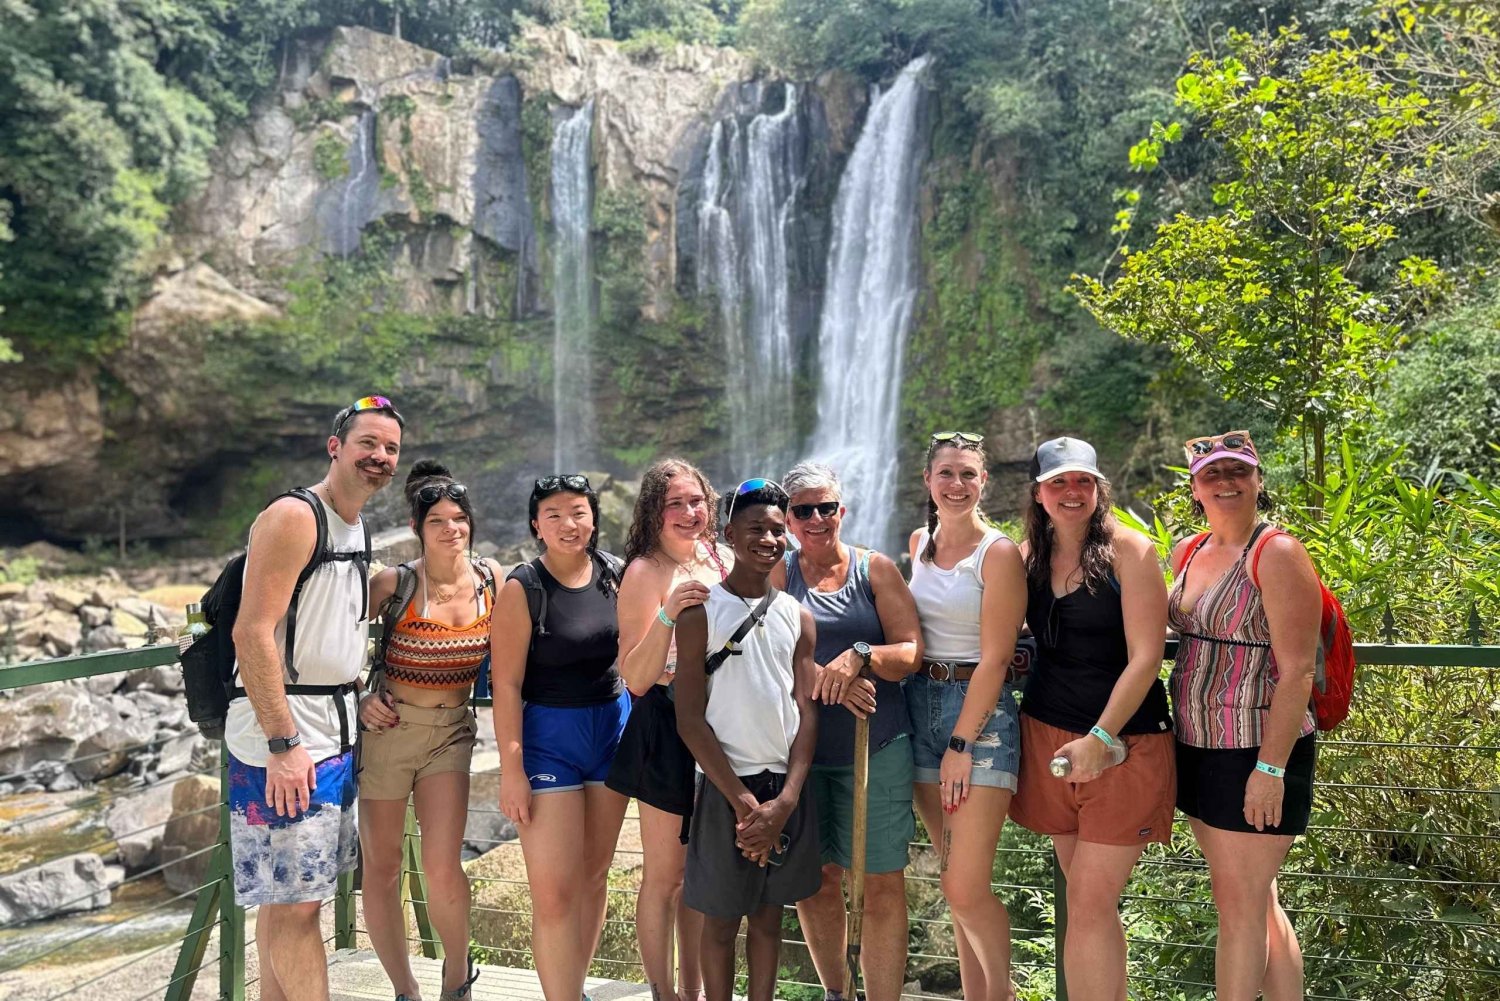 Enjoy and explore the amazing Nauyaca Waterfall!
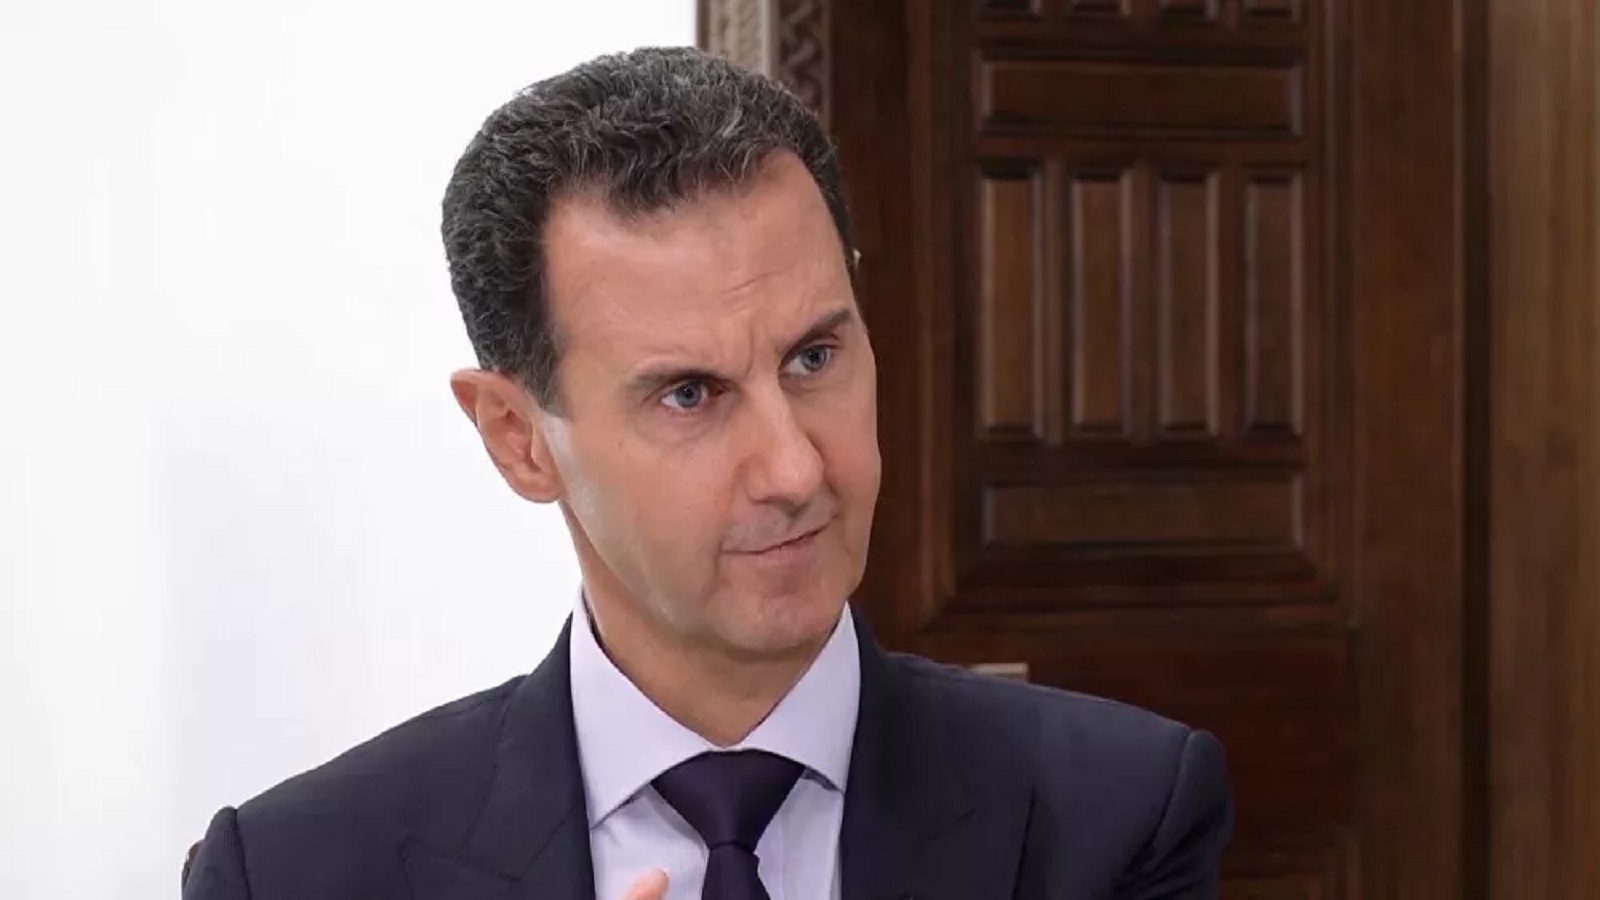 بديل للأسد يلوح في الأفق..ينتظر الاعتراف الروسي والاميركي
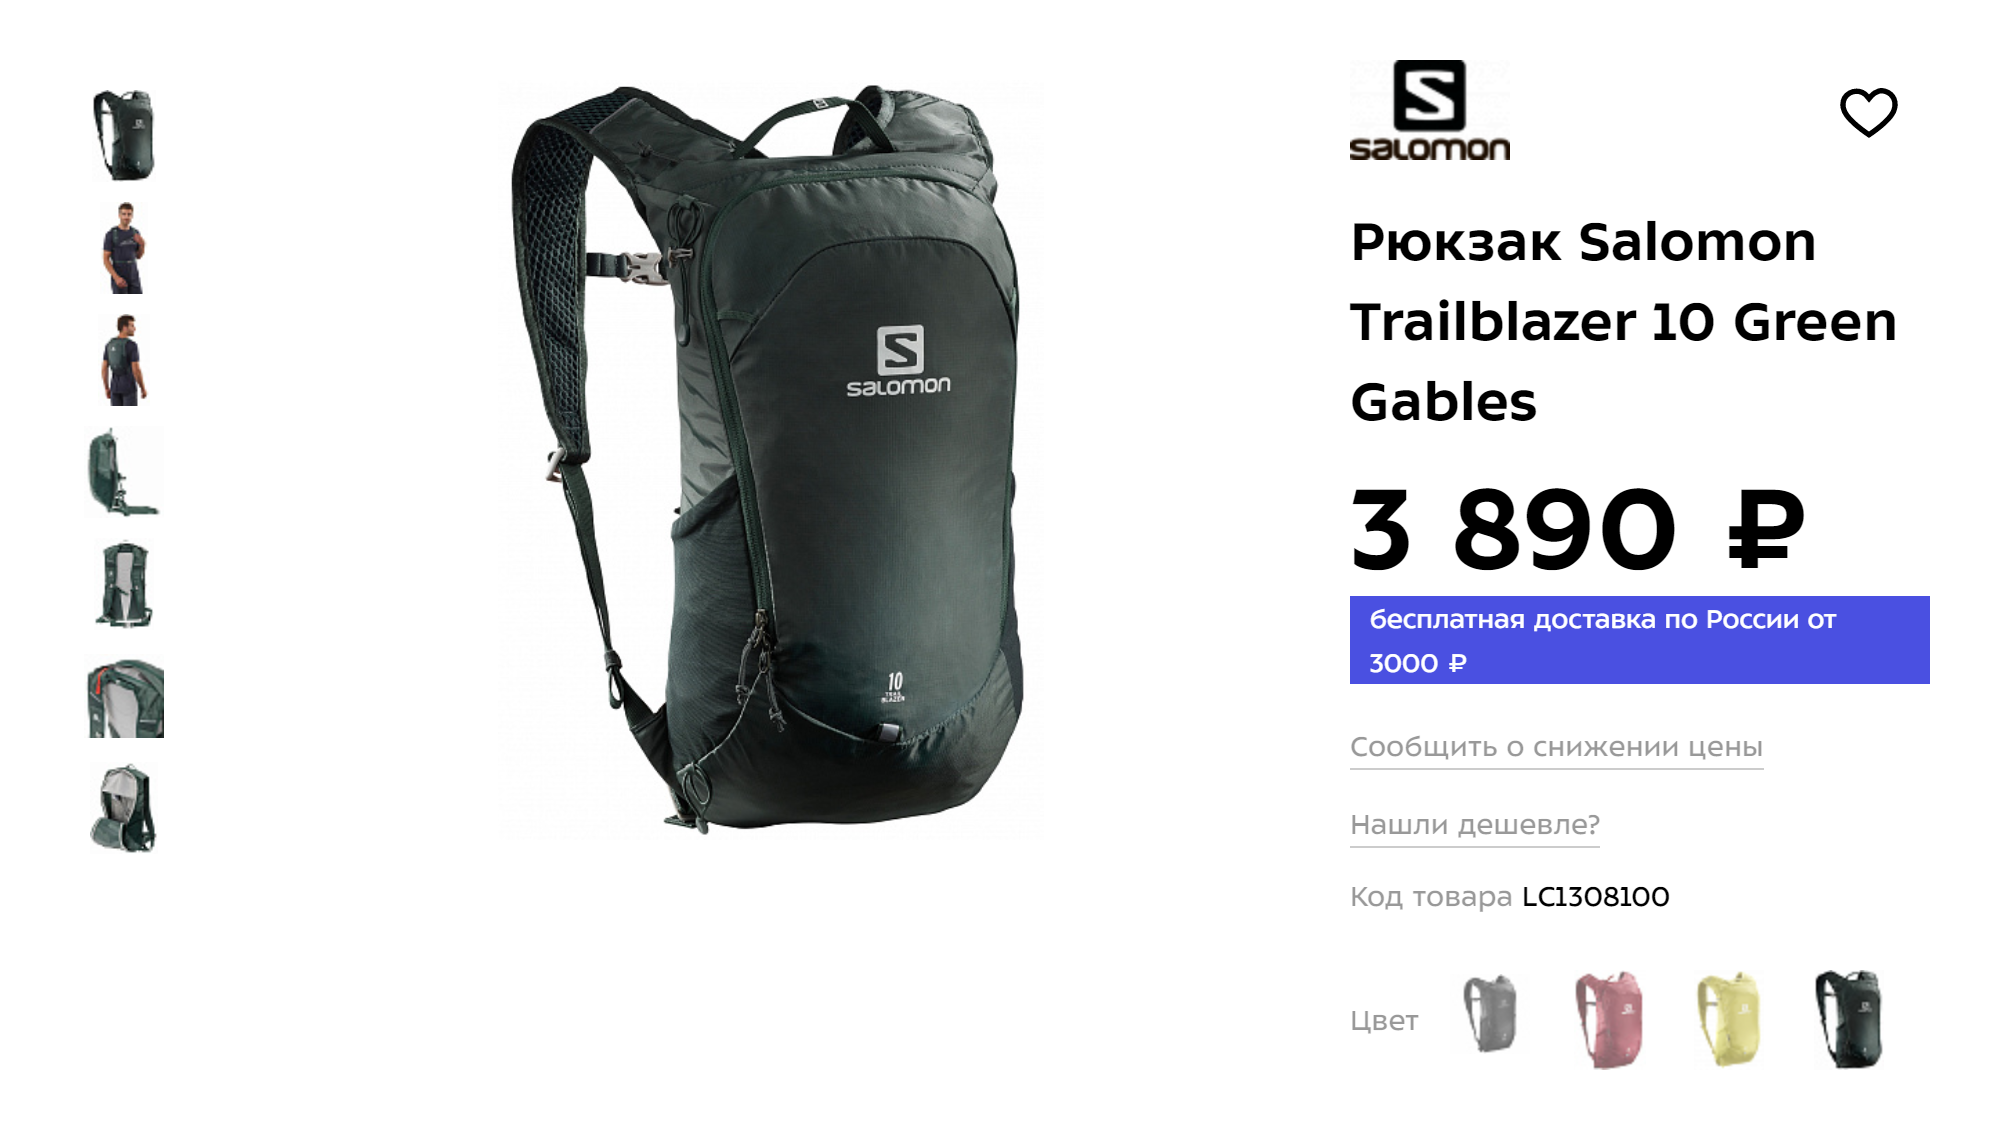 Специальный обтекаемый рюкзак для бега вмещает все необходимое для длительной тренировки. Источник: «Спорт-марафон»

*Required action*
Leaving out all pictures, transcribe the listing exactly.

*Answer to the exercise*
 Enjoy and explore the amazing Nauyaca Waterfall!
 بديل للأسد يلوح في الأفق..ينتظر الاعتراف الروسي والاميركي
 Специальный обтекаемый рюкзак для бега вмещает все необходимое для длительной тренировки. Источник: «Спорт-марафон»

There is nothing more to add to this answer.